Supplied information:
---------------

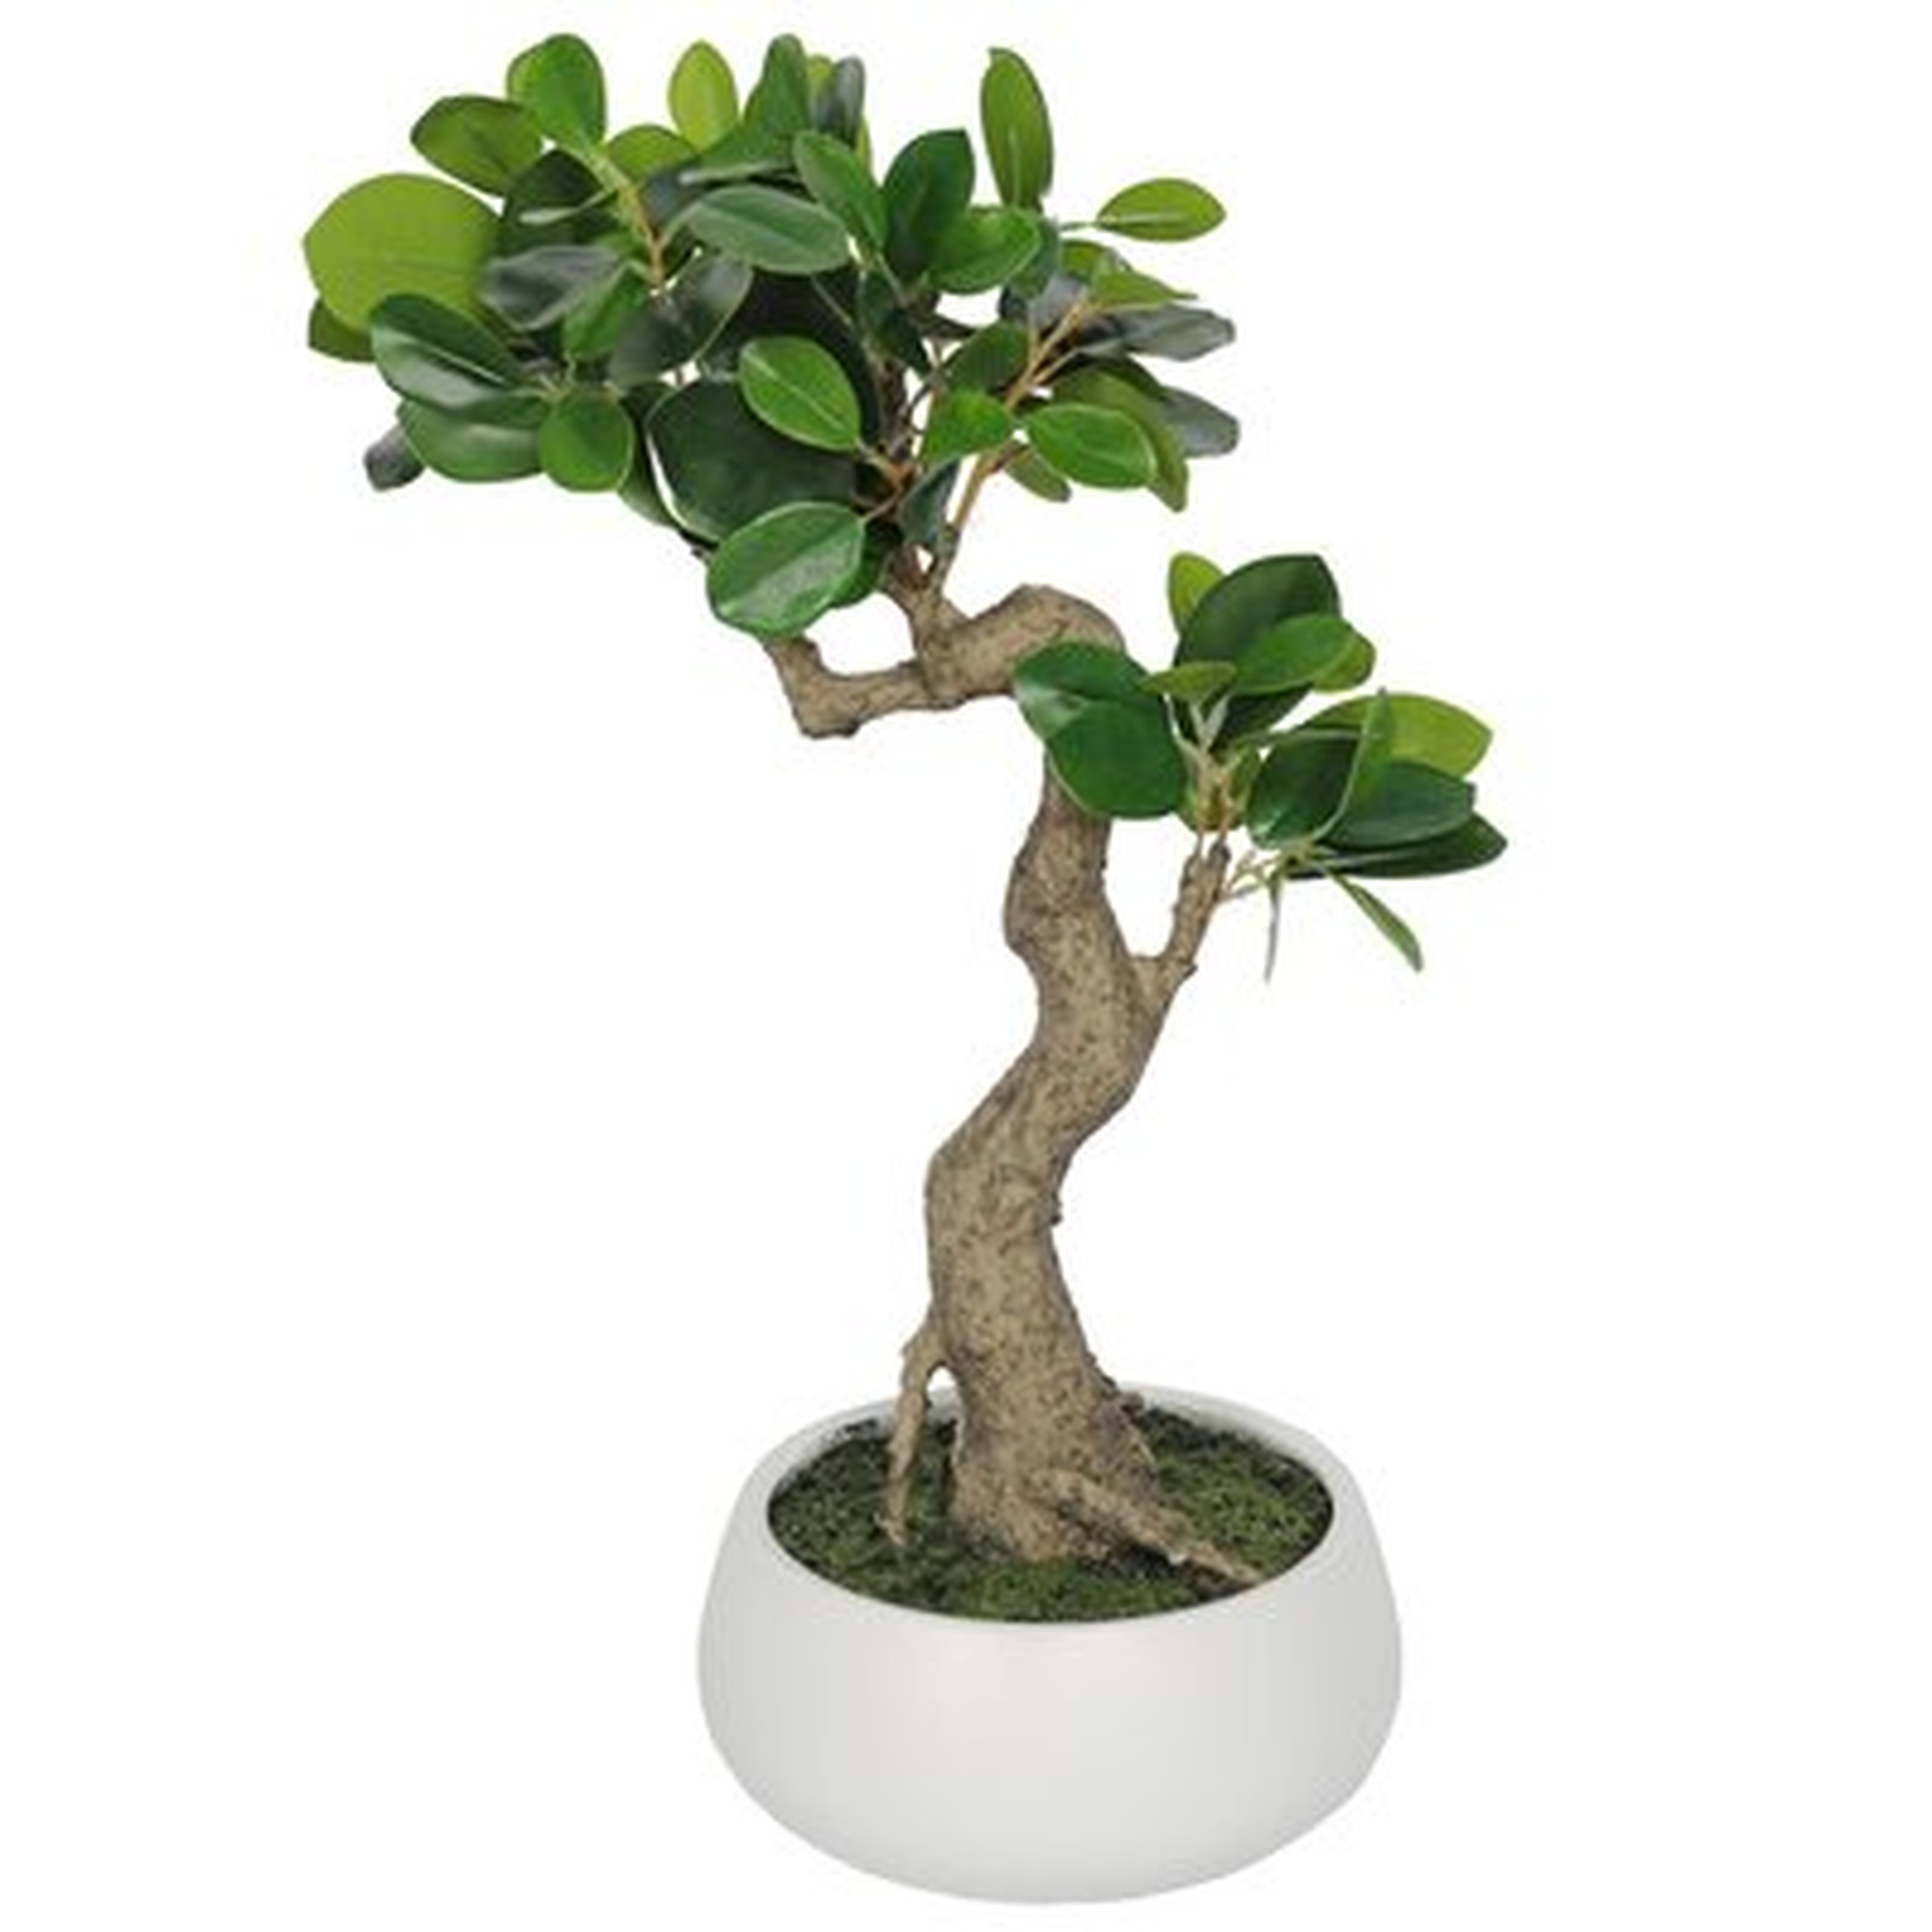 15.5" Artificial Bonsai Tree in Planter - Wayfair
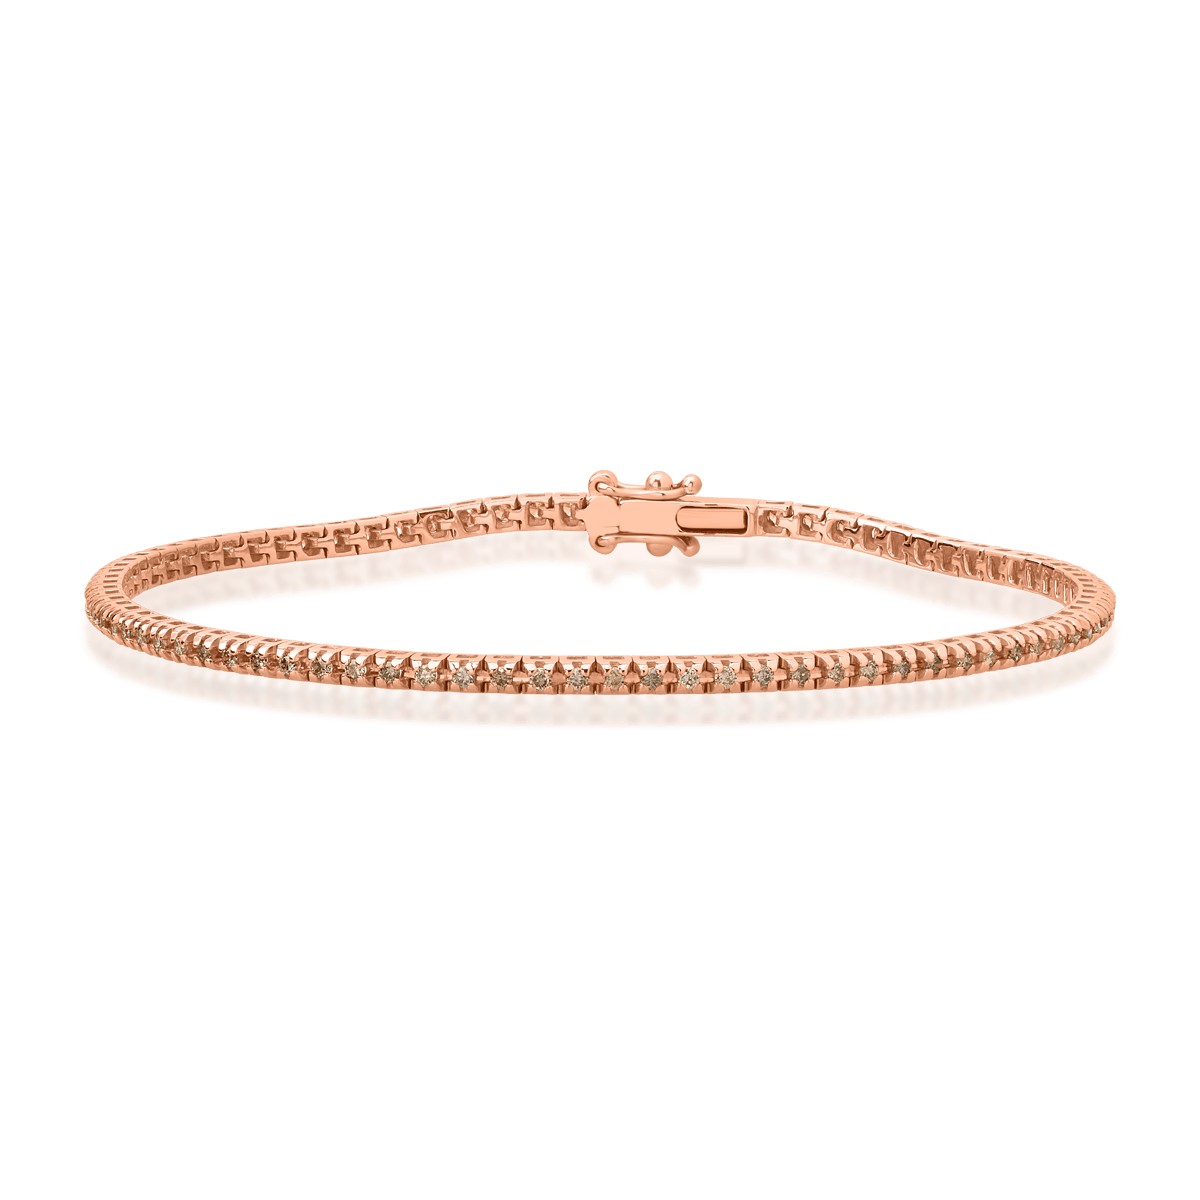 18K rose gold bracelet with 0.7ct brown diamonds
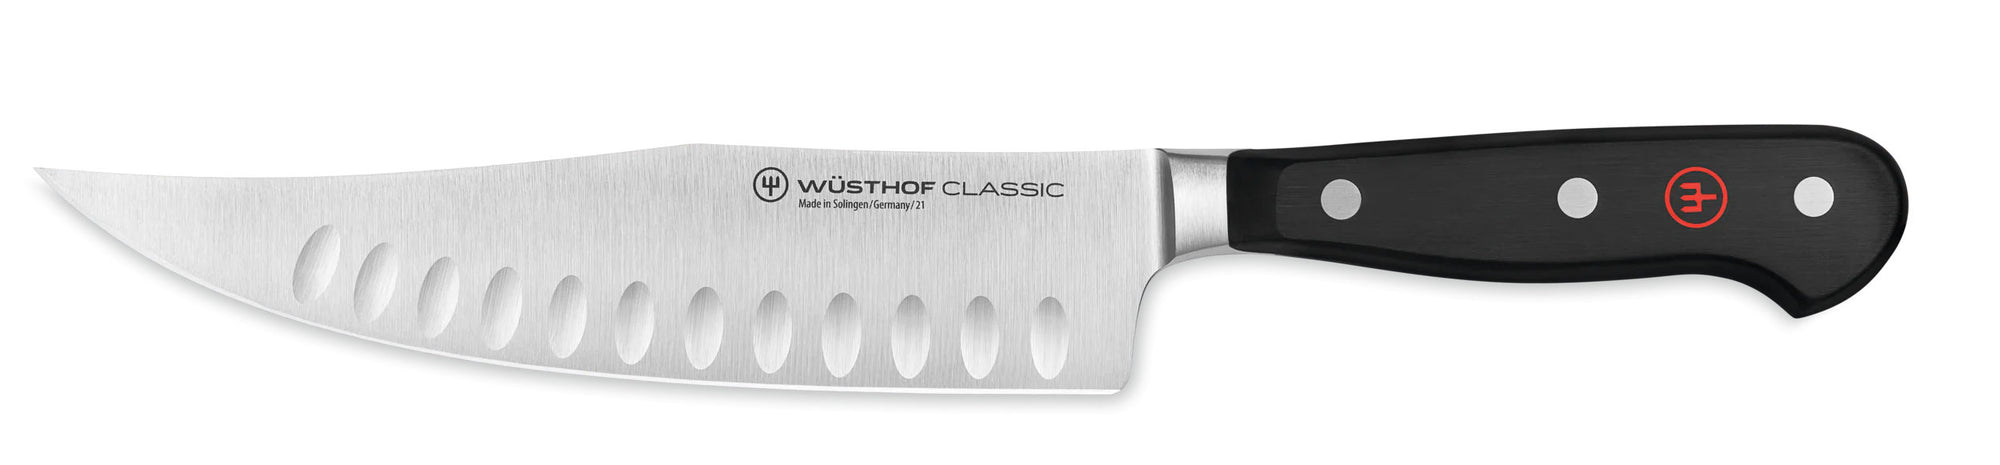 Wusthof Classic Hollow Edge Craftsman Knife, 6.7-inch (17 cm) - 1040134318
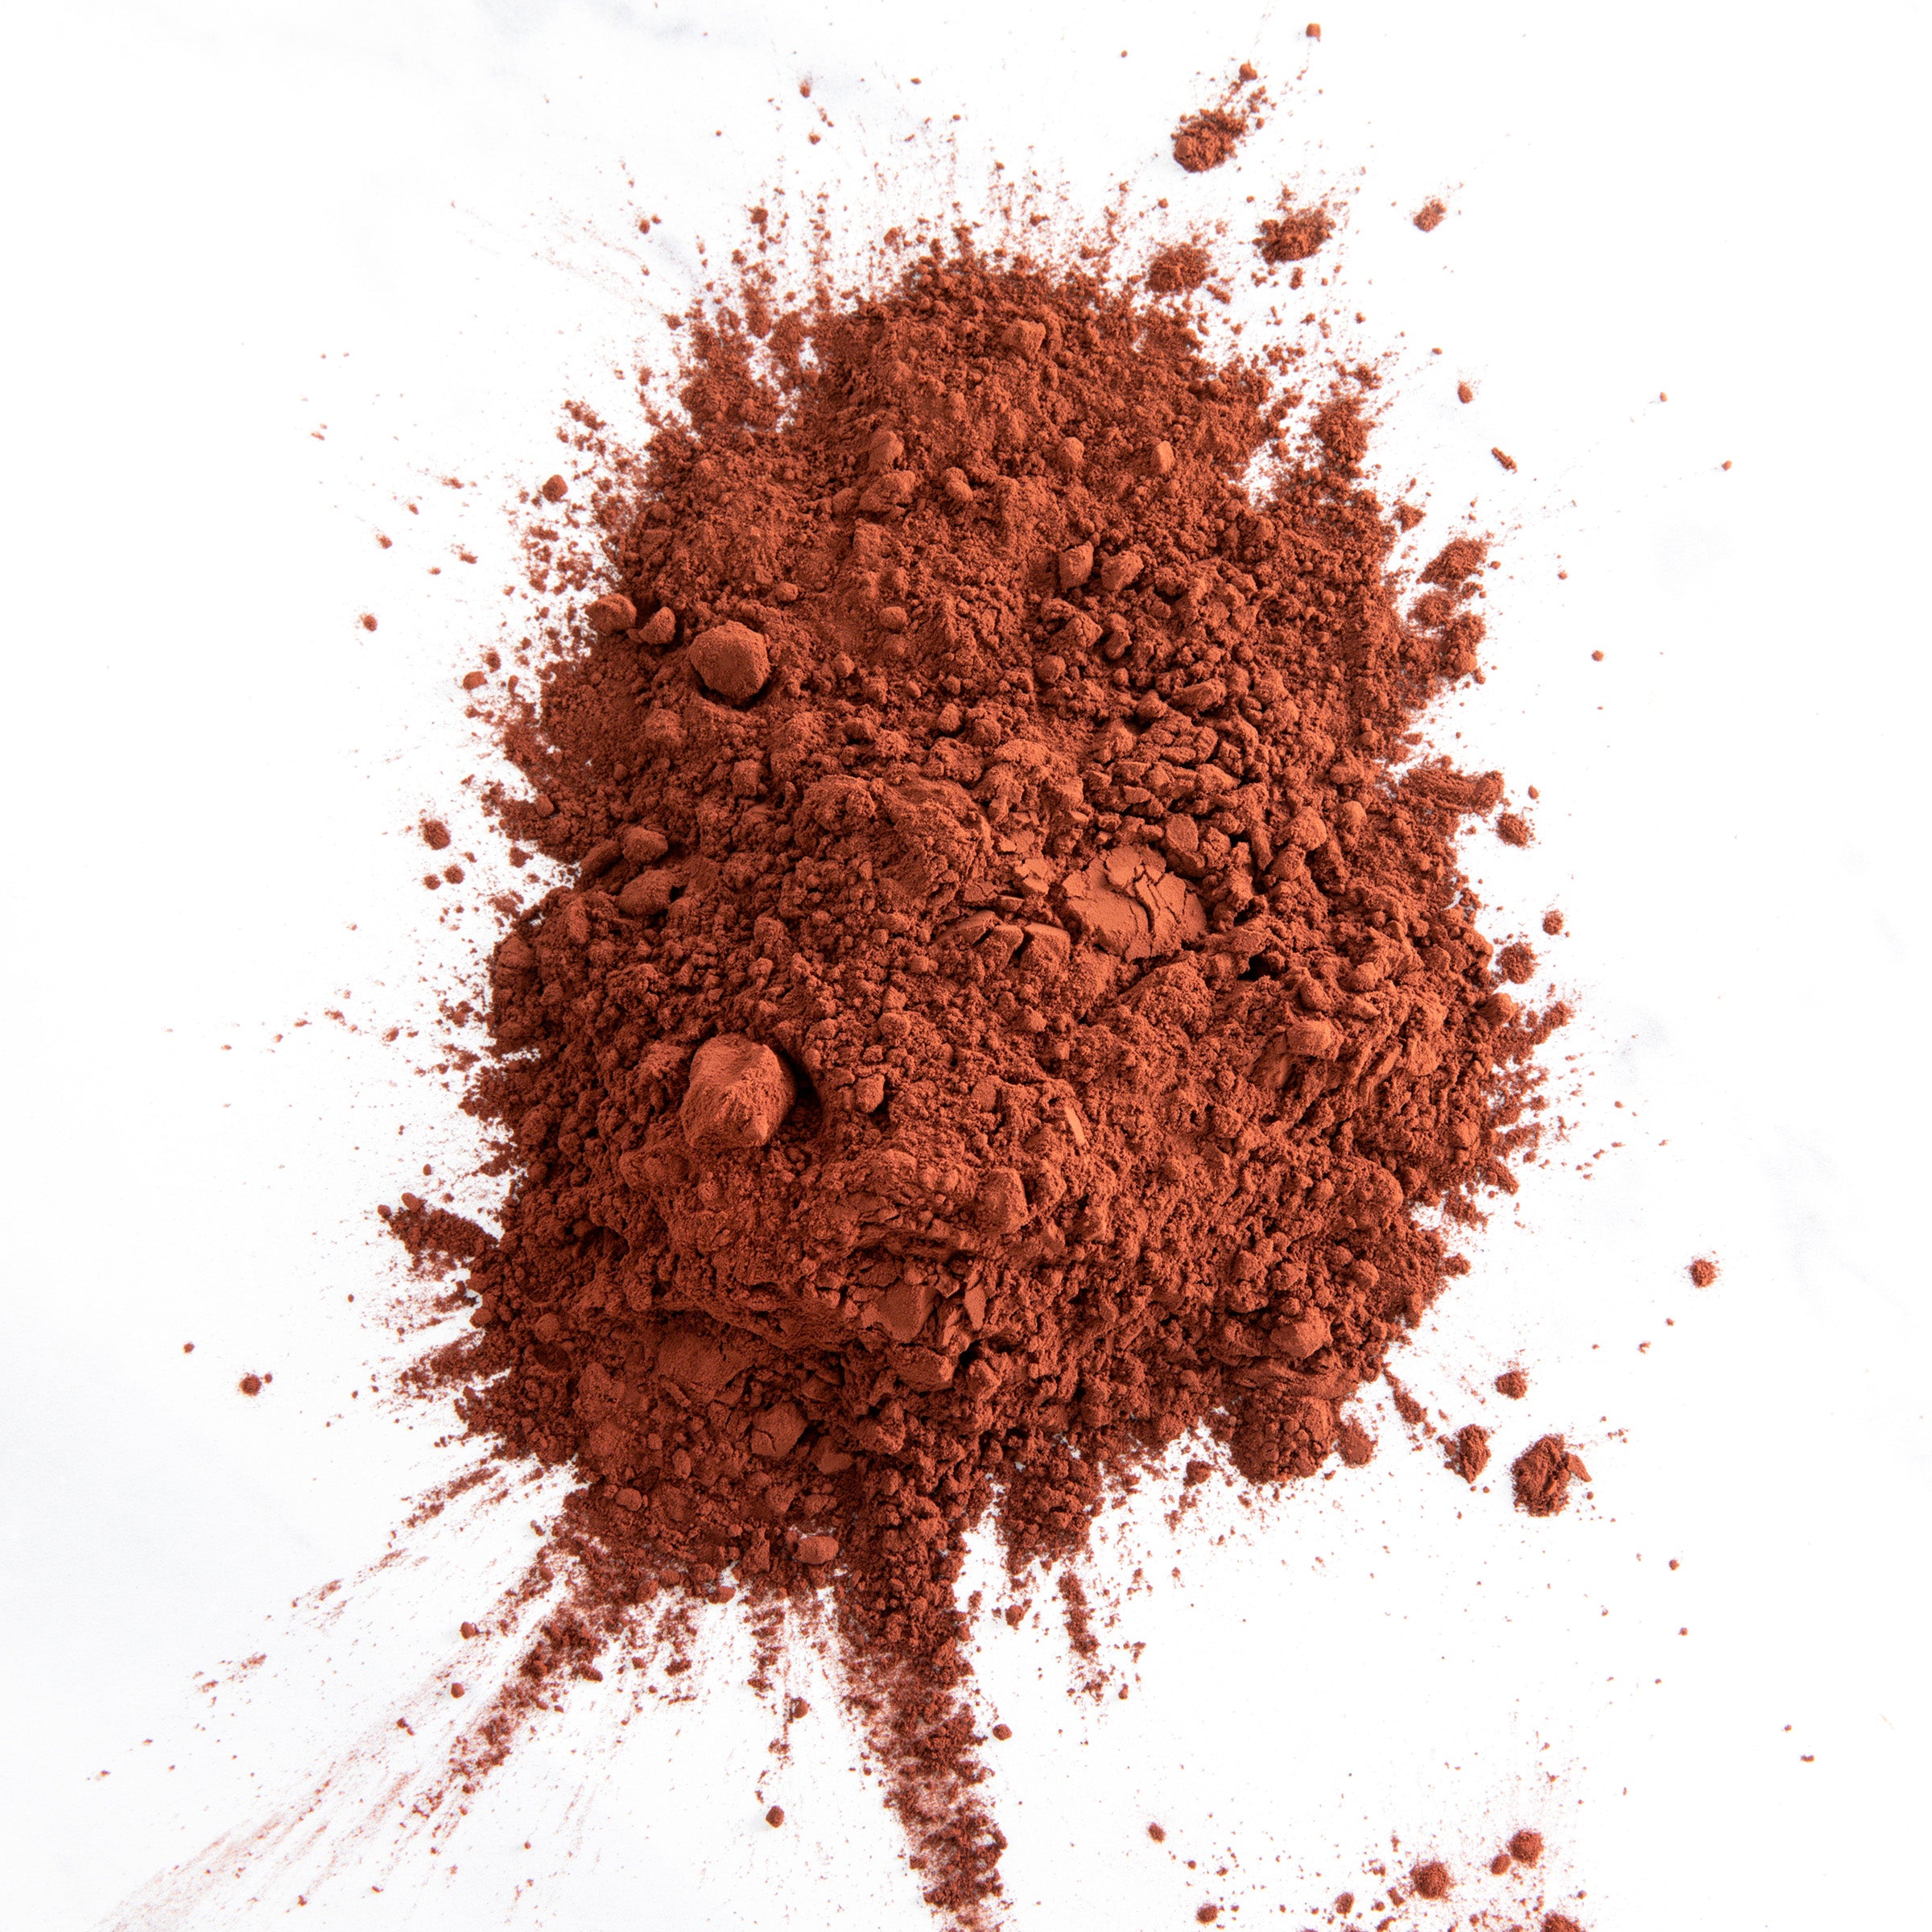 igourmet_3978_Valrhona_Pure Cocoa Powder_Chocolate Specialties

---------------

Exercise: Begin at the line containing "Wusthof Classic Hollow" and stop at the final line of the data. Retype those lines exactly, without the pictures.

Written response:
 Wusthof Classic Hollow Edge Craftsman Knife, 6.7-inch (17 cm) - 1040134318
 igourmet_3978_Valrhona_Pure Cocoa Powder_Chocolate Specialties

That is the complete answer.